## Available data
BEGIN
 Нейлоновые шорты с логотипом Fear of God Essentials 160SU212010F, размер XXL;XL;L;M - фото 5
END
BEGIN
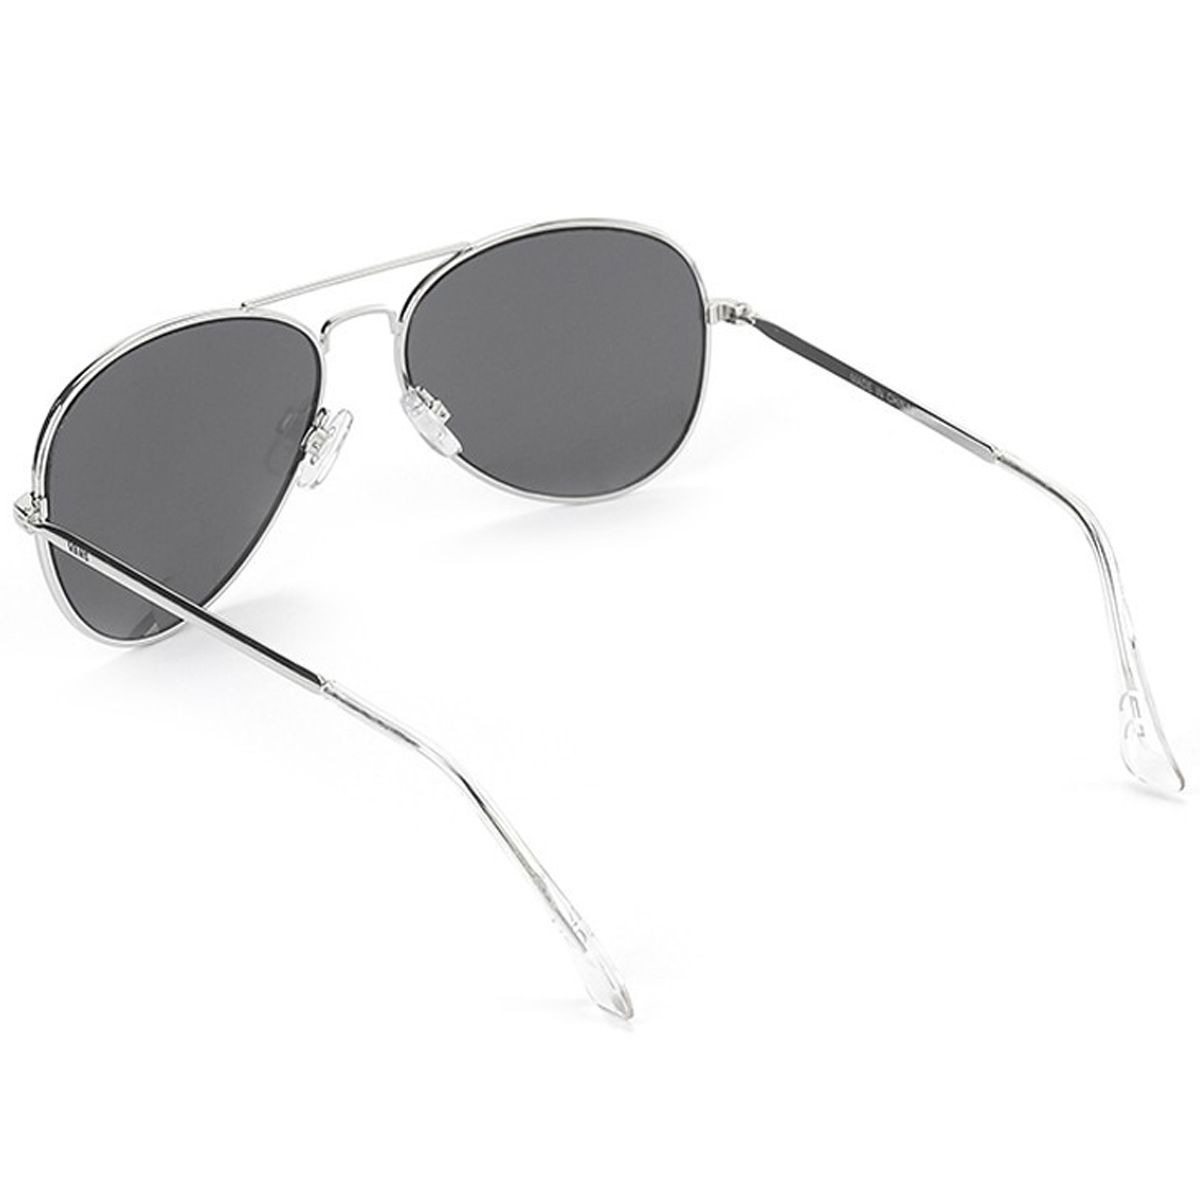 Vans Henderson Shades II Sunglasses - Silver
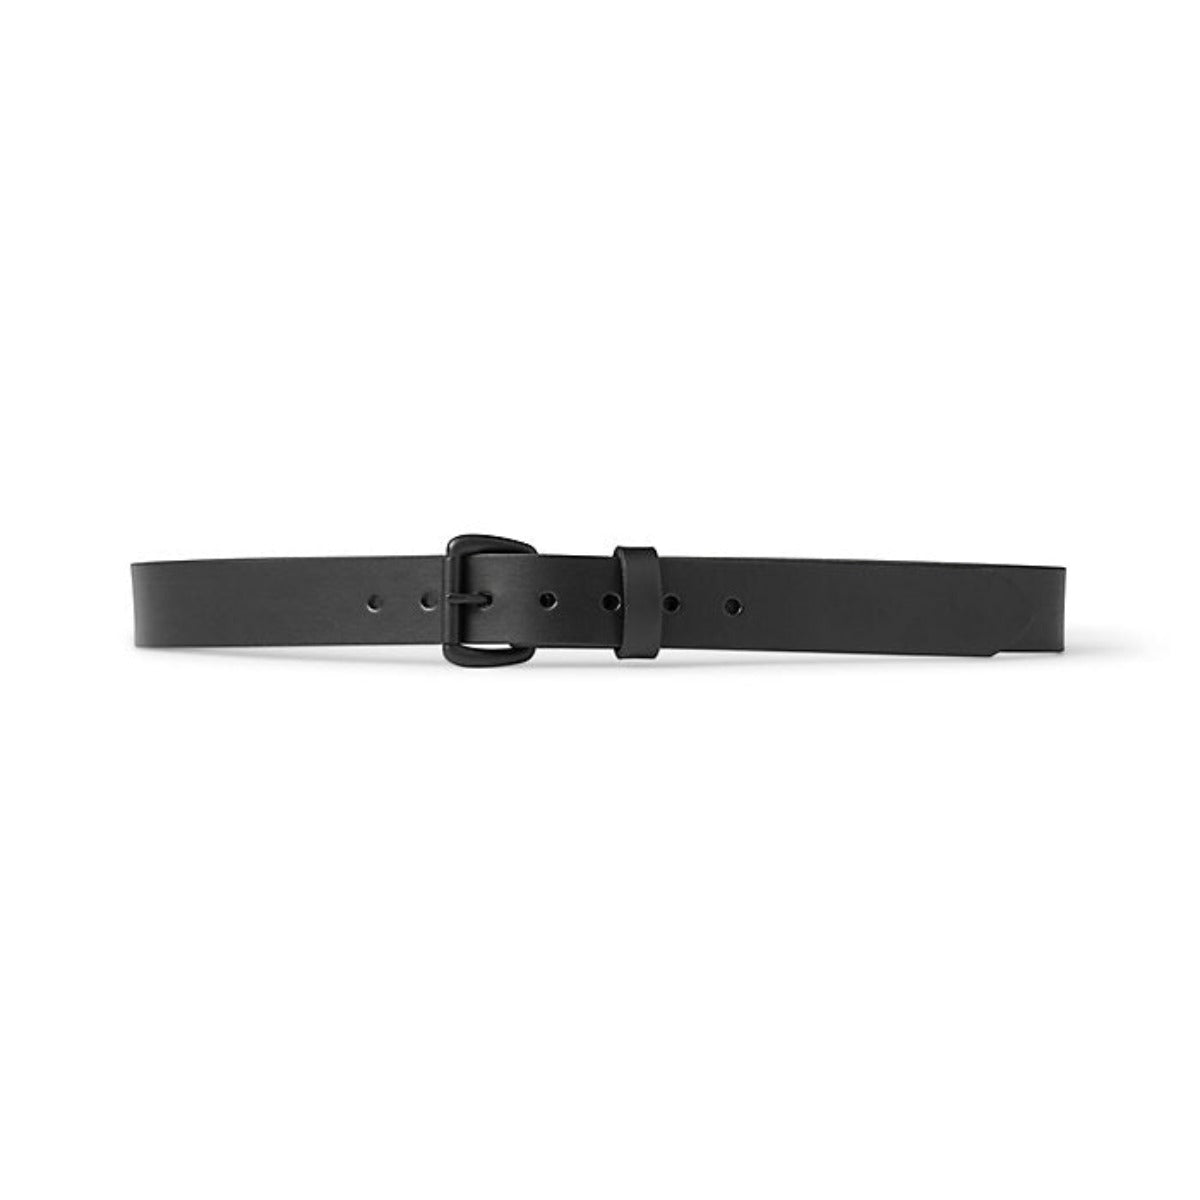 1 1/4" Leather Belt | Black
END
BEGIN
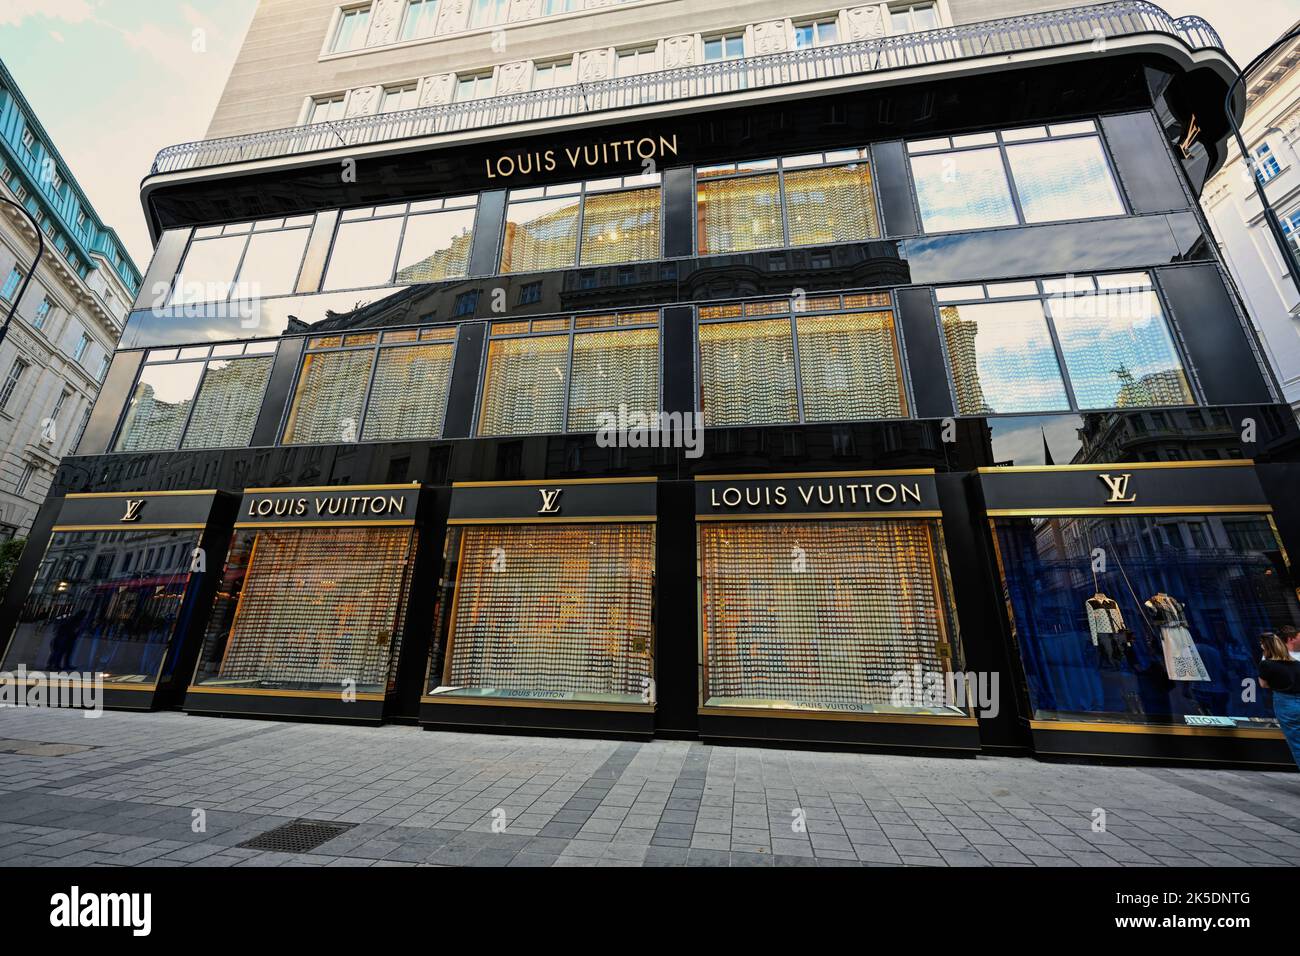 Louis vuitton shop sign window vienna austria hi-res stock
END
Set the pictures aside and reproduce exactly the lines above, from the line holding "Vans Henderson Shades II Sunglasses - Silver" through the line holding "Belt | Black", both included, with nothing else.

## Task answer
 Vans Henderson Shades II Sunglasses - Silver
 1 1/4" Leather Belt | Black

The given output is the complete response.